**** Data block ****

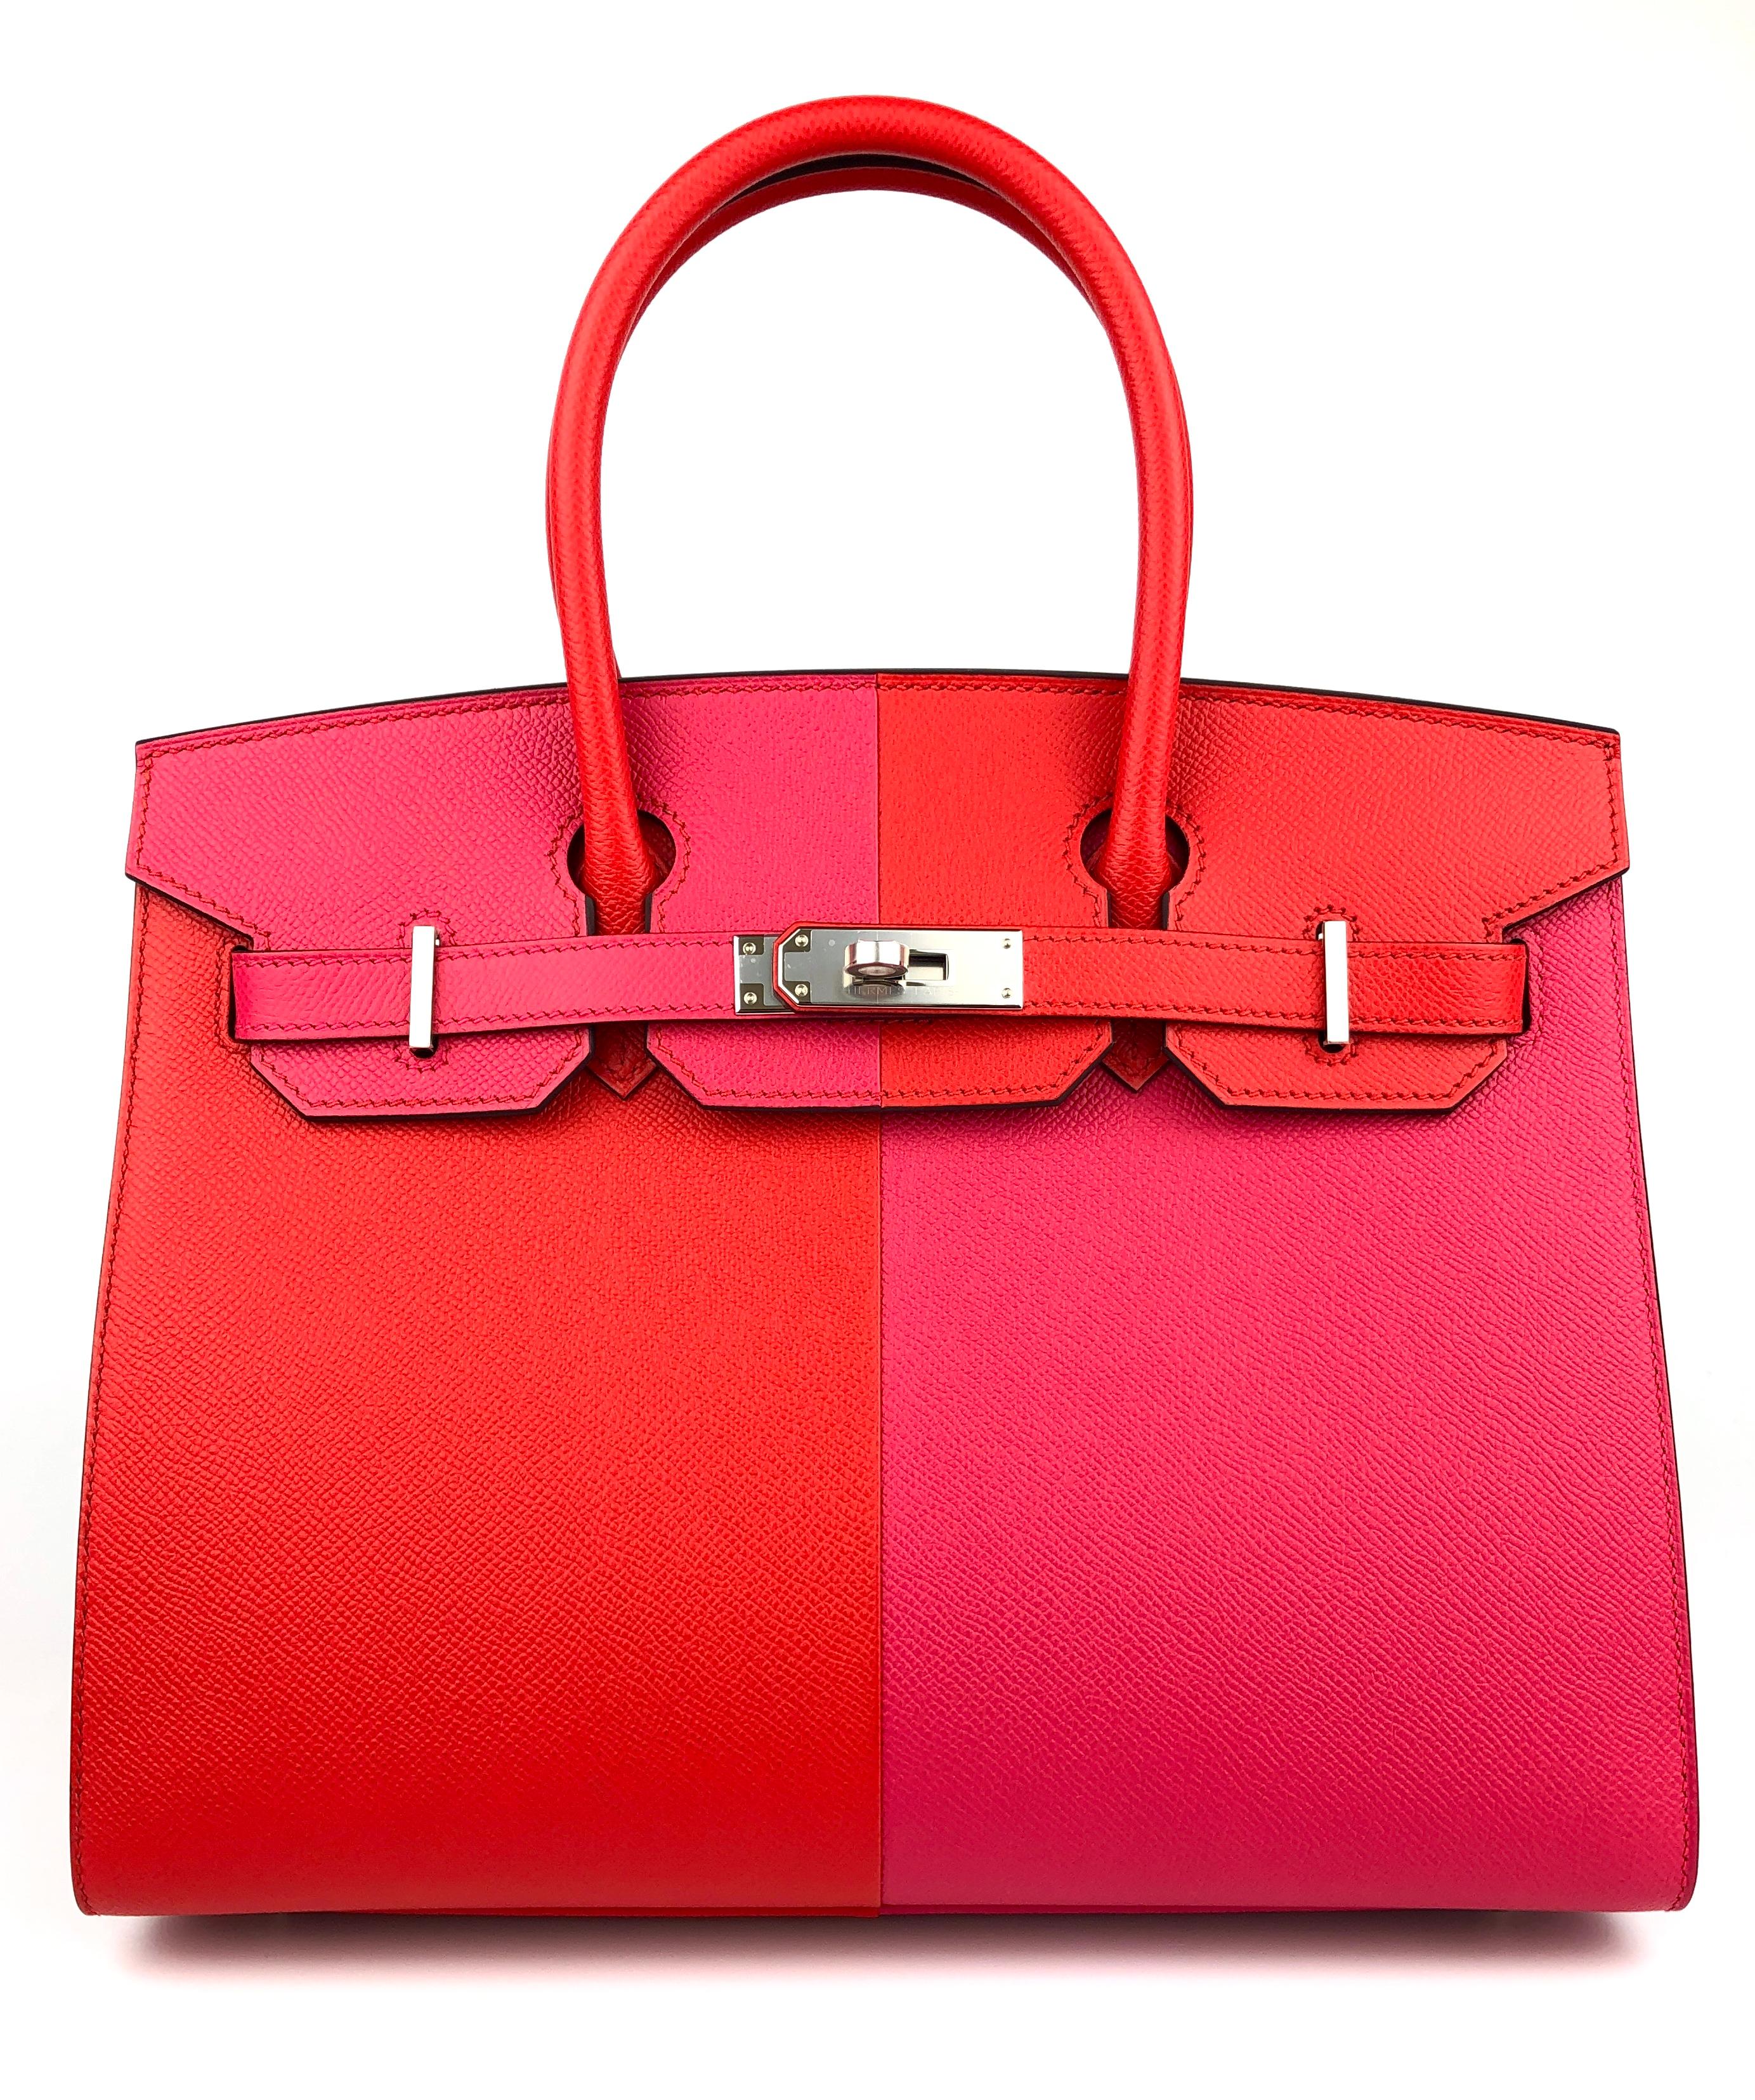 As New Absolutely Stunning Rare Limited Edition Hermes Birkin 30 Sellier Casaque Tricolor Rouge de Coeur, Rose Extreme & Blue Zanzibar Interior. Complimented by Epsom Leather and Palladium Hardware. Y Stamp 2020. Includes Box and Dust bags. 

Shop
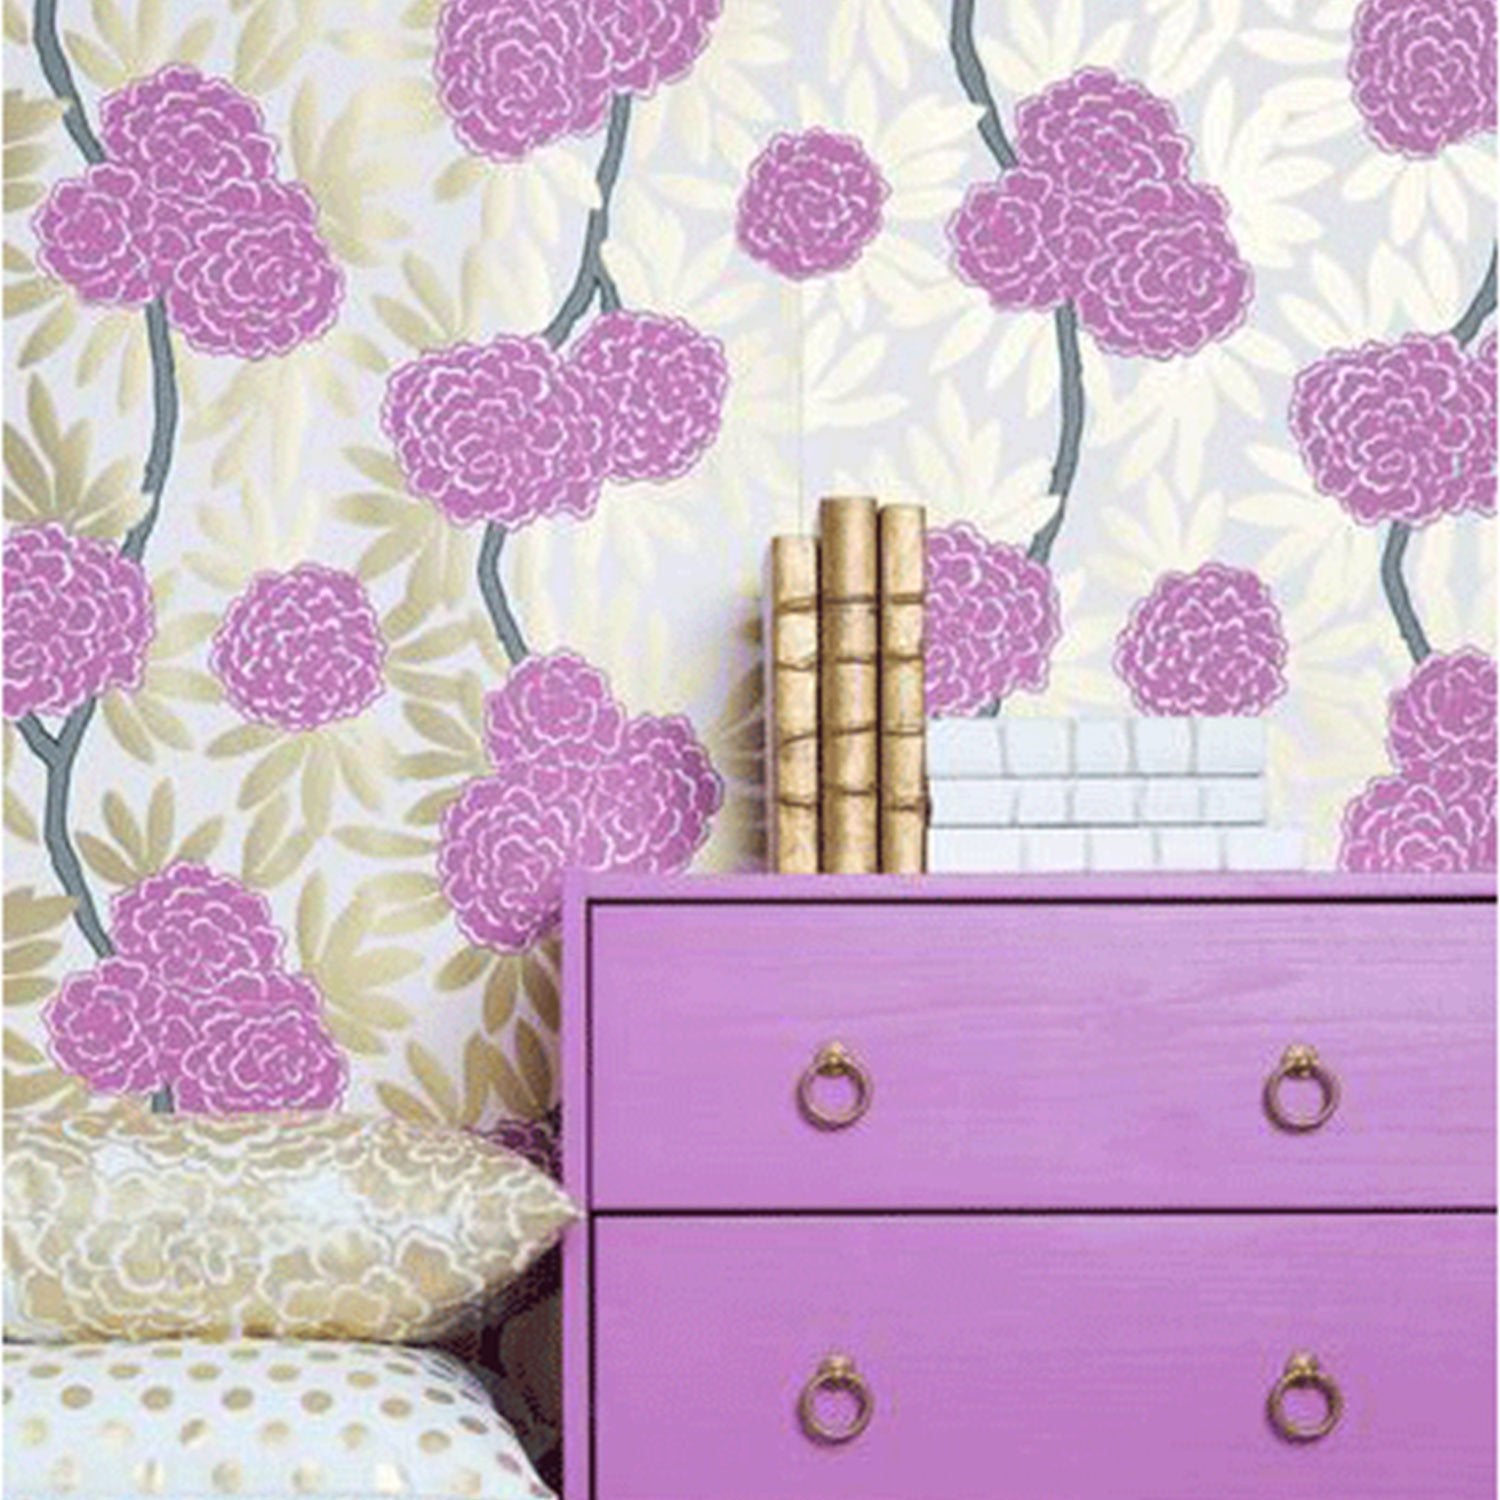 Gold Fleur Chinoise Berry on Blush Wallpaper in Room
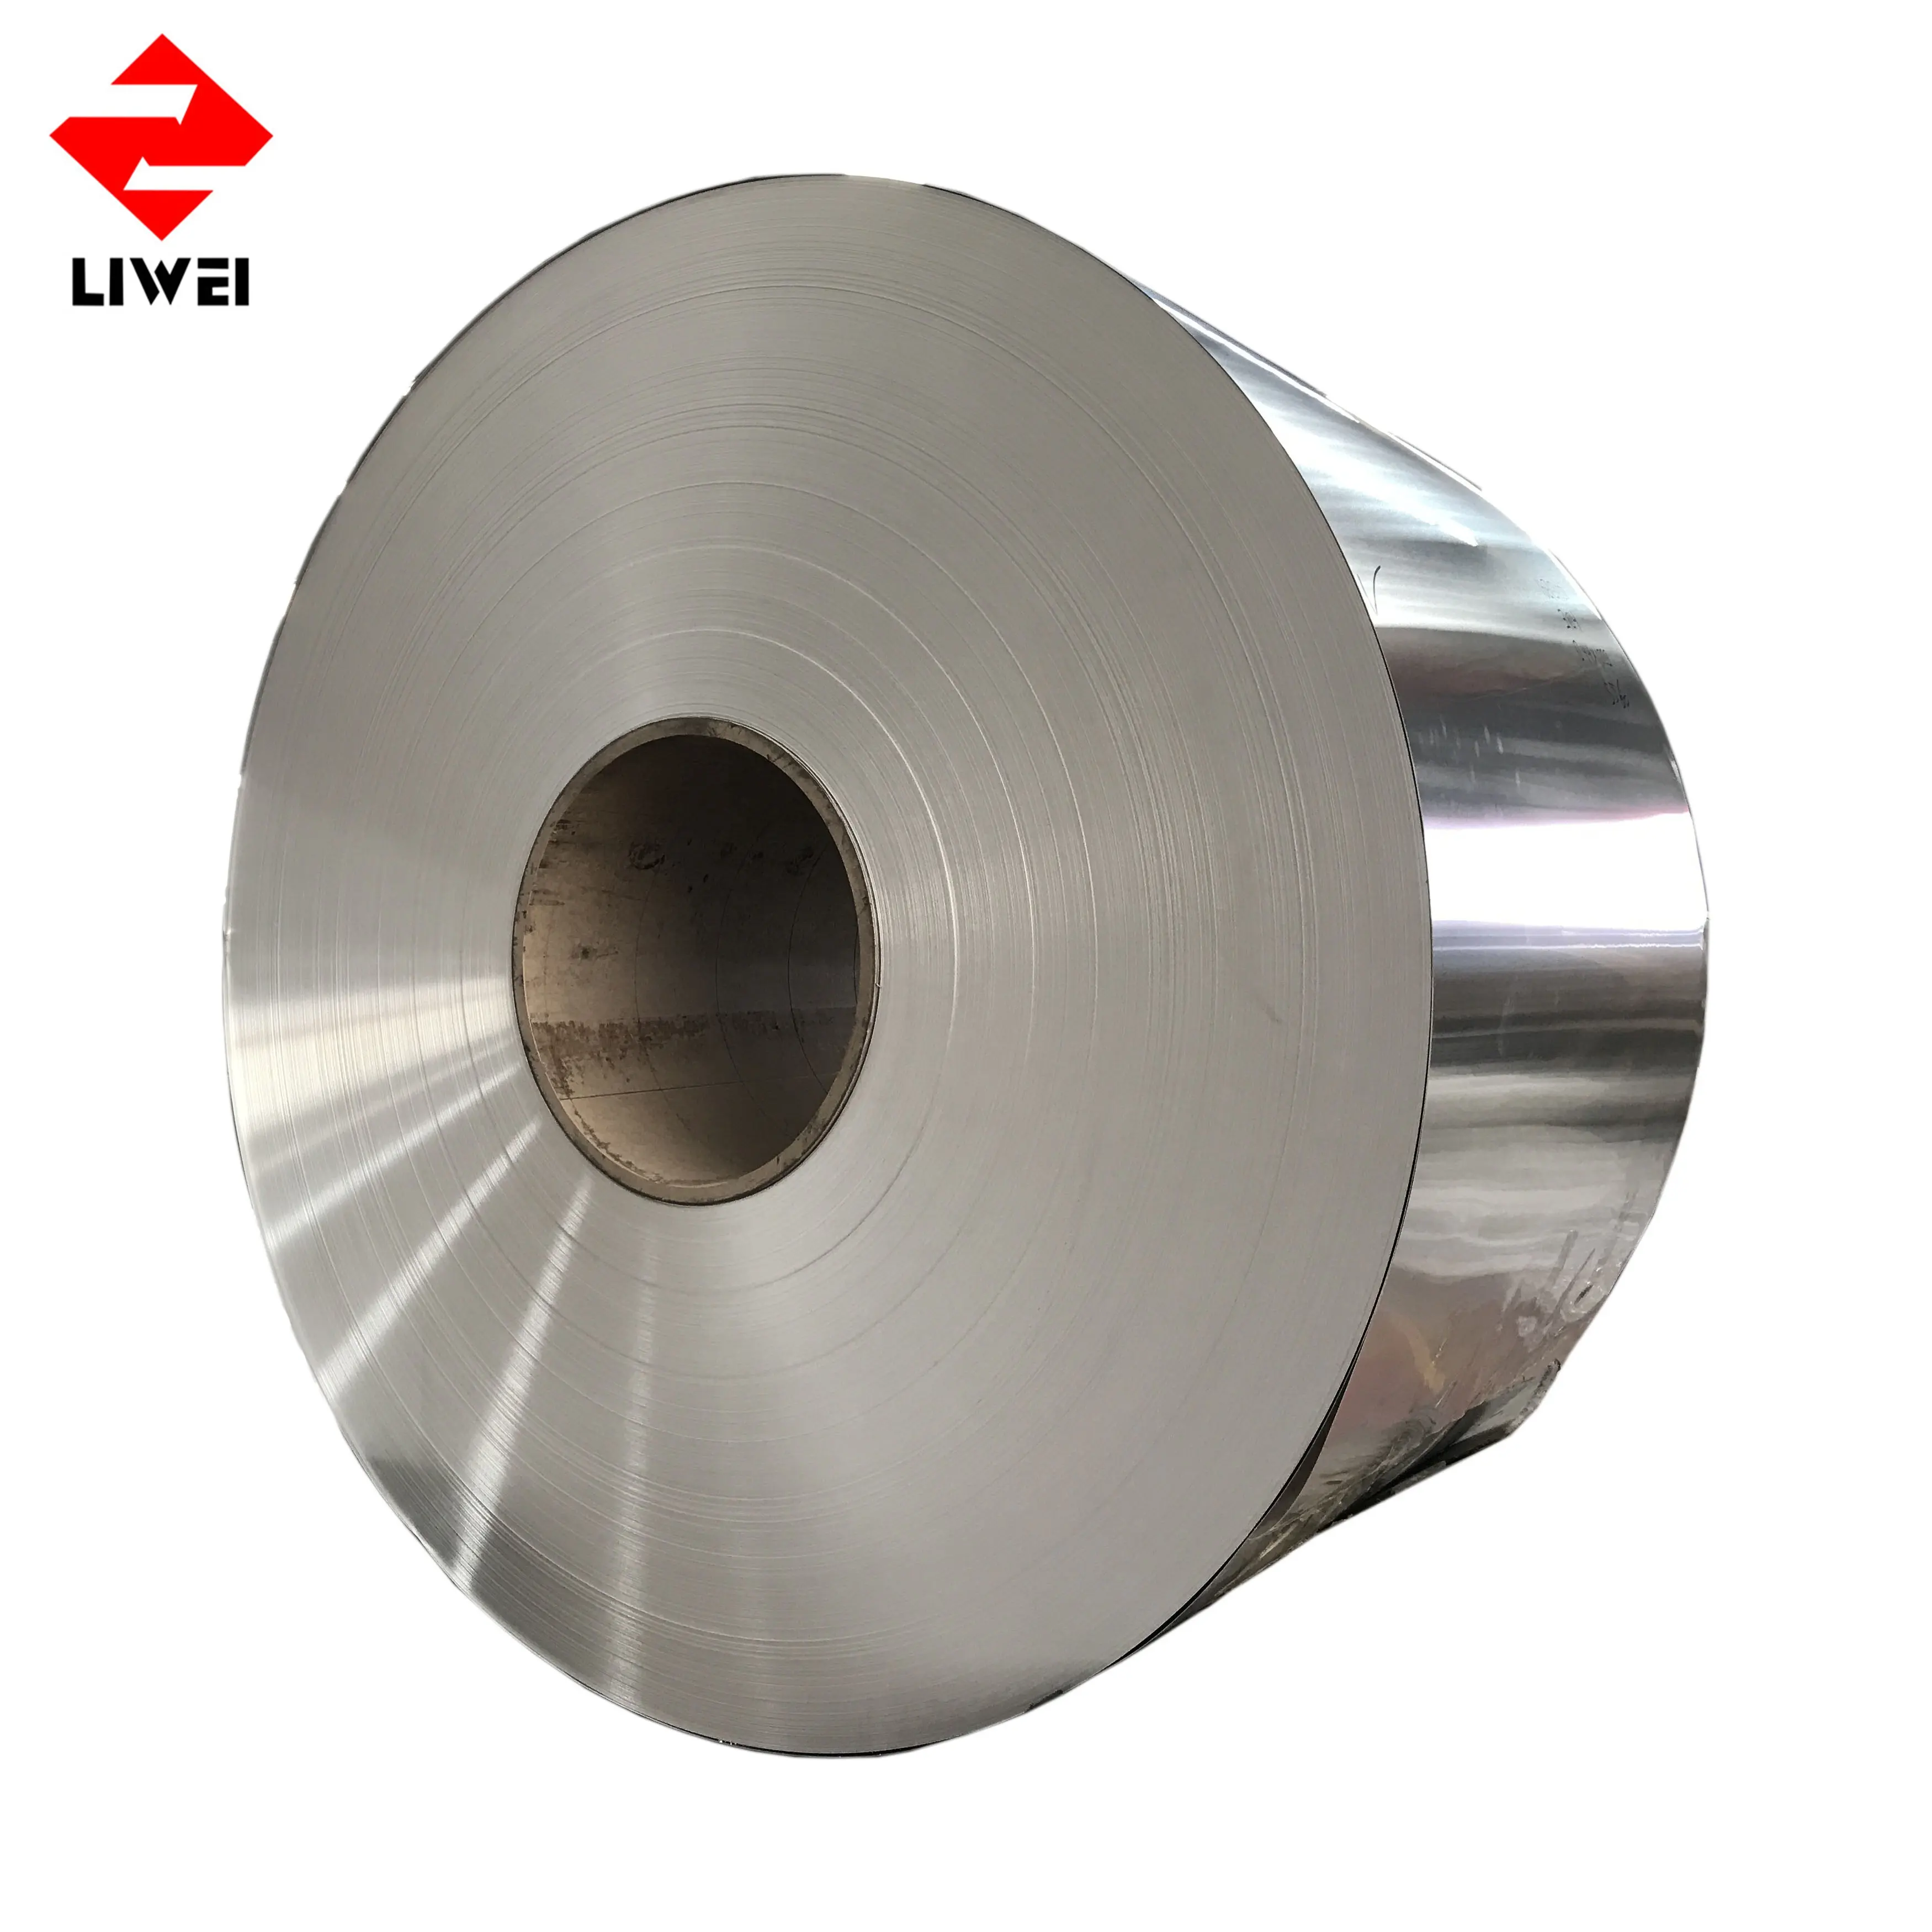 Aluminum Supplier Factory Price New Products Industrial Aluminum

****

Problem description →
Output the material above exactly, without pictures.

Expected answer →
 As New Absolutely Stunning Rare Limited Edition Hermes Birkin 30 Sellier Casaque Tricolor Rouge de Coeur, Rose Extreme & Blue Zanzibar Interior. Complimented by Epsom Leather and Palladium Hardware. Y Stamp 2020. Includes Box and Dust bags. 

Shop
 Gold Fleur Chinoise Berry on Blush Wallpaper in Room
 Aluminum Supplier Factory Price New Products Industrial Aluminum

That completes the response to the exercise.